The thermal neutron fluence generated during the accelerator operation was measured experimentally at the JAEA-Tokai tandem accelerator facility; world’s highest terminal voltage of electrostatic accelerator. Conventional methods using passive detectors (dosimeters for environmental dose measurement and metal foil detectors) as well as a new method using a portable γ-ray detector were adopted for the measurement on the pressure vessel, concrete building, and beamline. The amounts of produced thermal neutrons in the facility during accelerator operation ranged from 10¹ n/cm²/s to 10⁴ n/cm²/s.
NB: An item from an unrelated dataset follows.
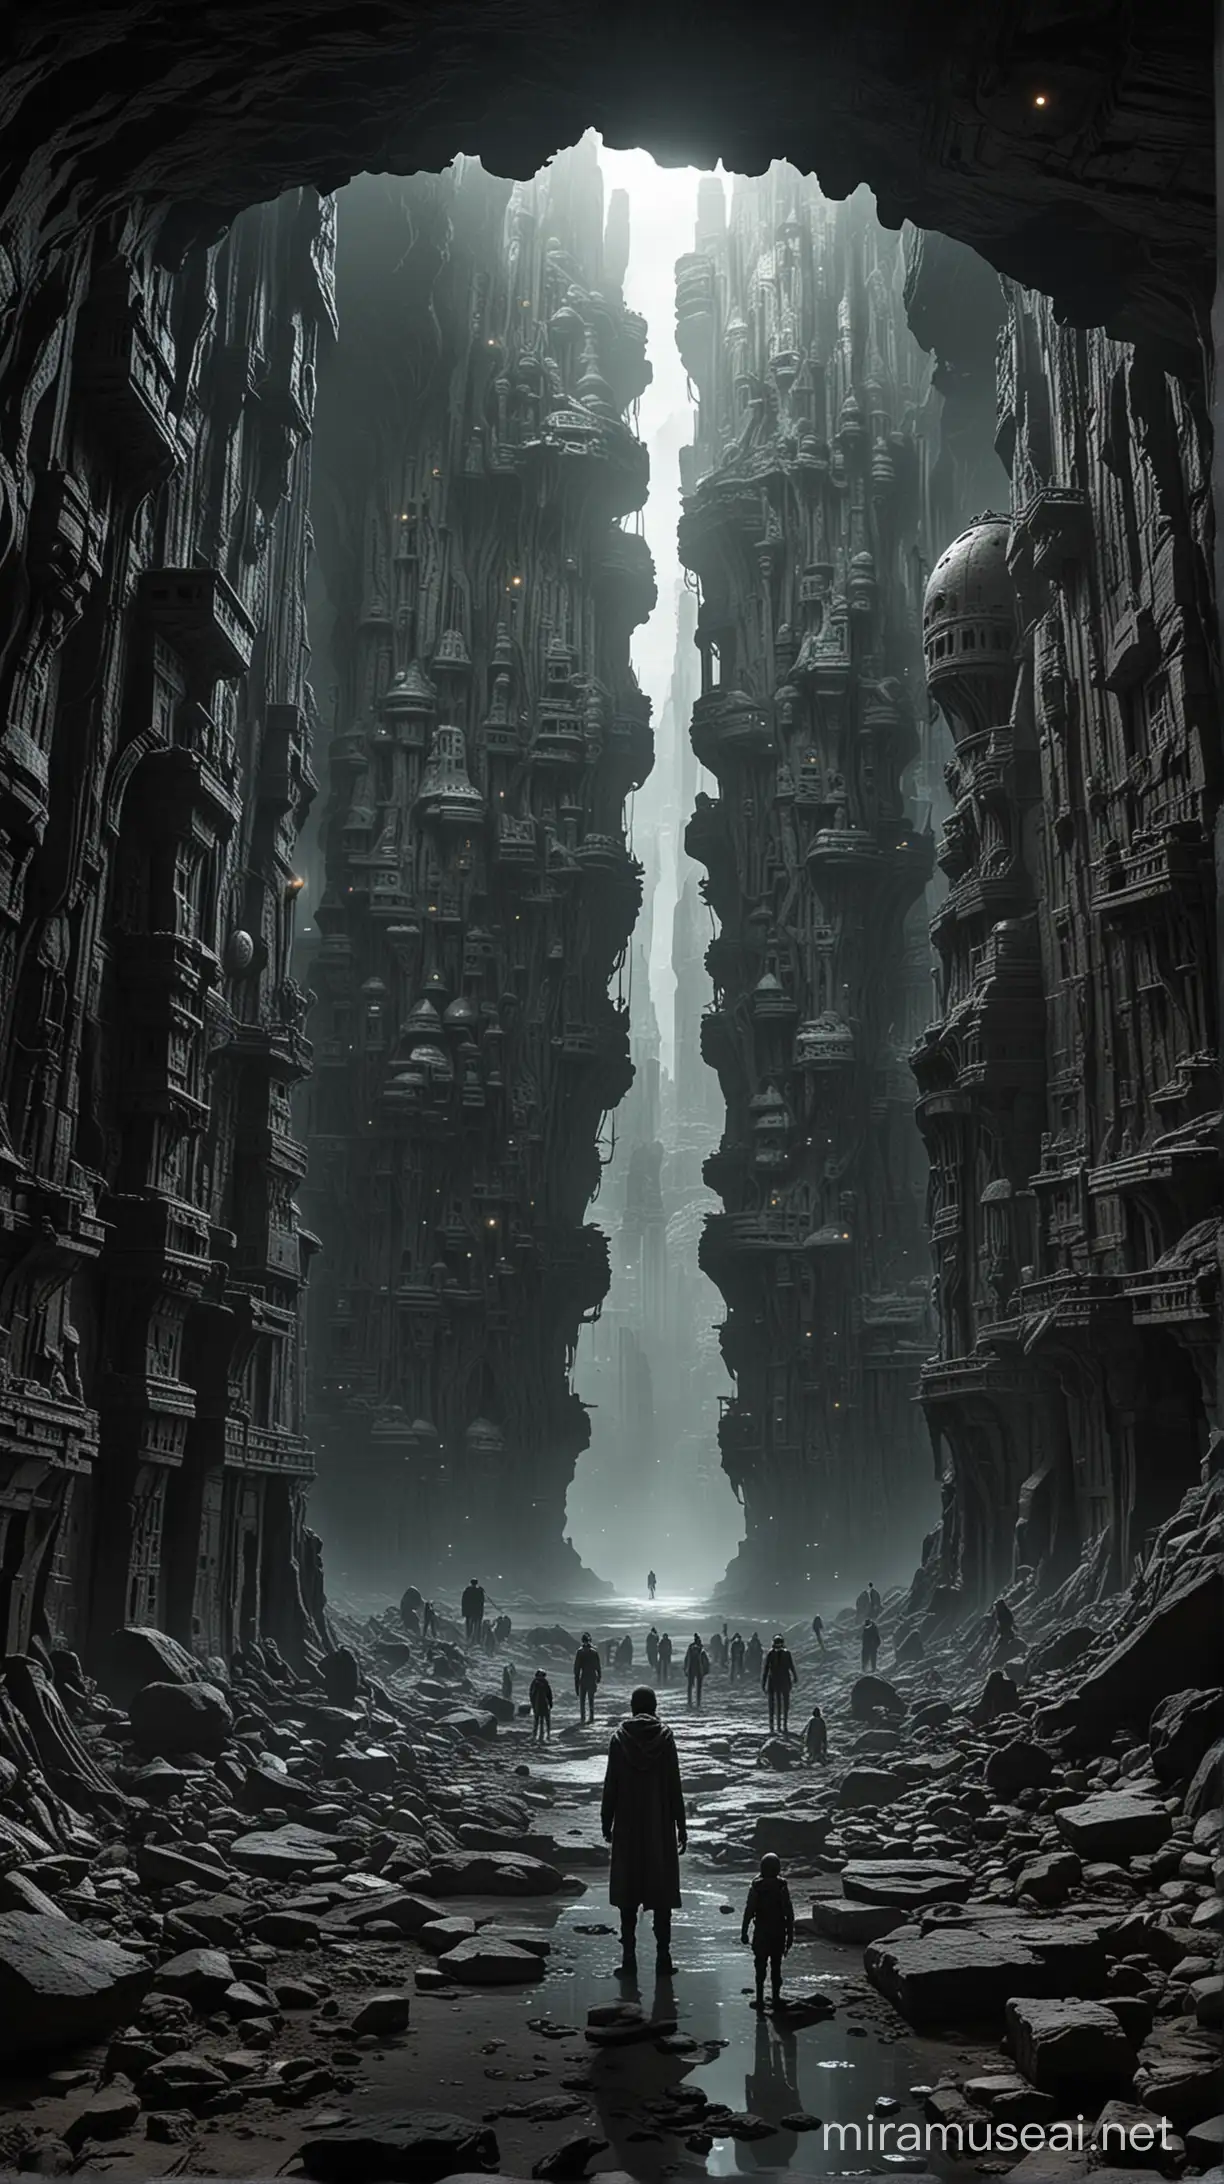 A dark and cavernous underground city, bustling with strange, humanoid figures.  In the foreground, a human stands in awe, dwarfed by the alien architecture

Due to the excellent mobility of portable γ-ray detectors, the thermal neutron fluence during the beam operation around the pressure vessel could be investigated in detail. Our experimental results showed that the combination of CR-39 and on-situ measurement with γ-ray detectors can provide a safety-conscious approach in the activation assessment and can be a substitute for TLD which has crucial problem in the supply chain. From the thermal neutron fluence measurement results, accumulated activities of ⁶⁰Co in the pressure vessel and ⁶⁰Co and ¹⁵²Eu in the concrete building in 50 years were deduced. Except for the irradiation room where the thermal neutron fluence rate was on the order of 10⁴ n/cm²/s, activation is negligible in this facility. From the dose-rate scanning of beamlines, we found that the Faraday cups, which were used to monitor the beam current in the experiment, showed high dose.

Acknowledgments

We thank the Radiation Safety Research Promotion Fund “Clearance of materials from the decommissioning of accelerator facilities” by the Japan Nuclear Regulation Authority for their support.

Disclosure statement

No potential conflict of interest was reported by the author(s).

Additional information

Funding

This work was funded by the Radiation Safety Research Promotion Fund “Clearance of materials from the decommissioning of accelerator facilities” by the Japan Nuclear Regulation Authority [Grant Number JPJ007057].